Hi, this blog is for those of you who have knee pain and have stairs in your house which you have to negotiate on a daily basis. Here I am going to share a few tips which would help you to do this activity pain-free and safe.

Before we move on to the actionable let us look at what happens when we climb up

If the step is high we bend the hip and knee to 90 degrees and if low less than that.

With patellofemoral pain aka front of knee pain

The front of the thigh muscles or Quadriceps lengthen eccentrically and the back of the thigh muscles aka Hamstrings shorten. The calf muscles shorten to help bend the knee and place the foot on the step. All of these try to push the knee cap out of the groove in which it sits aka Patellar groove. To prevent this displacement the ligaments tighten and put pressure on the knee cap and the cartilage behind it causing pain and burning.

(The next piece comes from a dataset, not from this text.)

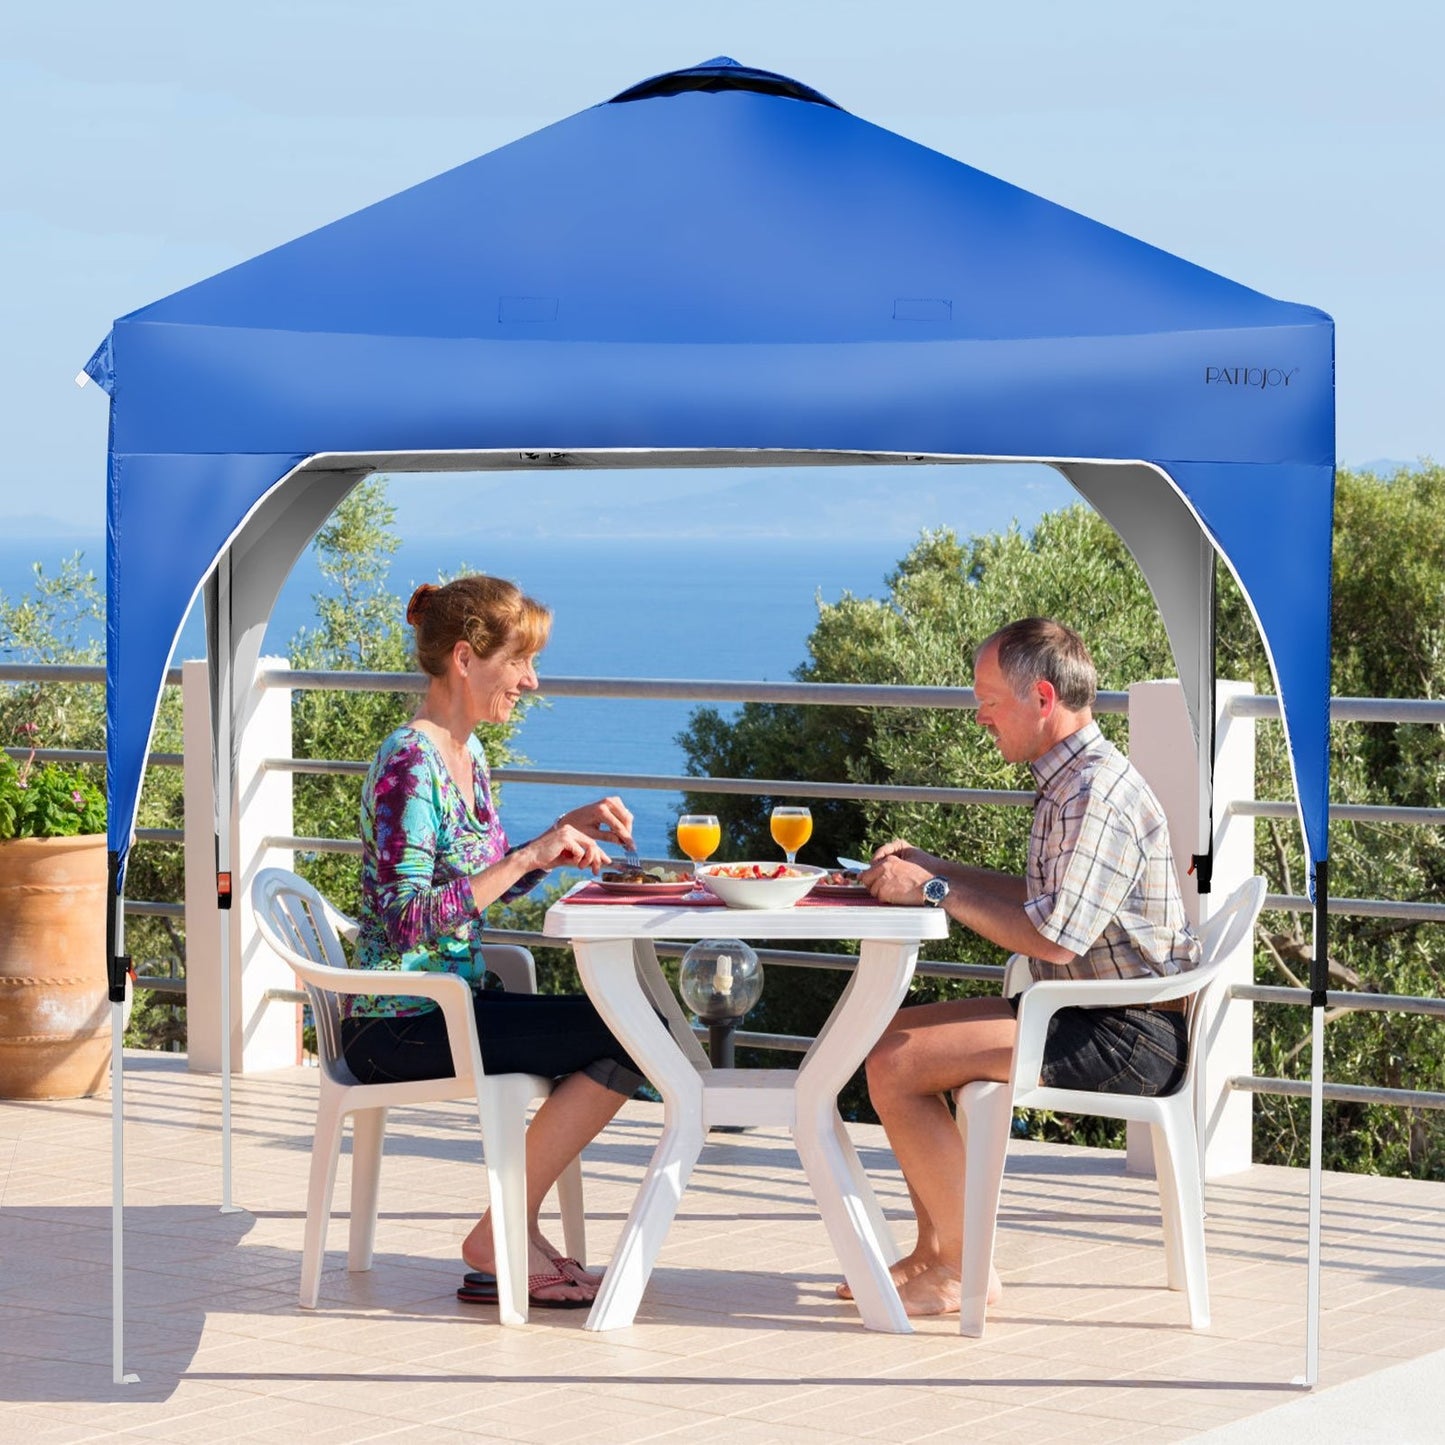 8 Feet x 8 Feet Outdoor Pop Up Tent Canopy Camping Sun Shelter with Roller Bag, Blue

With medial osteoarthritis

In a normal joint both the lower bulb like ends of the thigh bone femur or medically known as femoral condyles glide and roll forward smoothly on table  top of the tibia or the shin bone. This bends the knee painlessly. In case of any degeneration or tear the gliding is uneven and painful. When such a knee is loaded more while climbing up it increases the pain.

Climbing down

Front of knee pain

The quads or the front of the thigh muscles shorten actively to straighten the knee to allow the foot to be placed on the step-down. The hamstrings and the calf lengthen. Both these force the knee cap into the groove loading the patella and its joint more. This makes climbing down more painful for those of us who have this kind of pain.

Inner knee pain

As the gliding is not smooth and there is instability there is pain with loading but much lesser than climbing up.

By now you have a brief understanding of what happens and why does it pain lets get to how to do it painfree

1.Always hinge or bend from the hips

Most of us unknowingly curl the spine and flatten the low back while climbing. Be mindful to bend the hips and keep the chest relaxed and down. Keep the weight on the heels.

2. Tighten the buttock muscles or the gluts

To engage the core and the gluts breathe out and gently pull the navel to the spine without rounding the back. Try to tighten the buttock on the side which is lower. Again there should not be any turning of your chest. As you alternate steps you will alternate the contractions

I hope these tips help you to climb pain-free.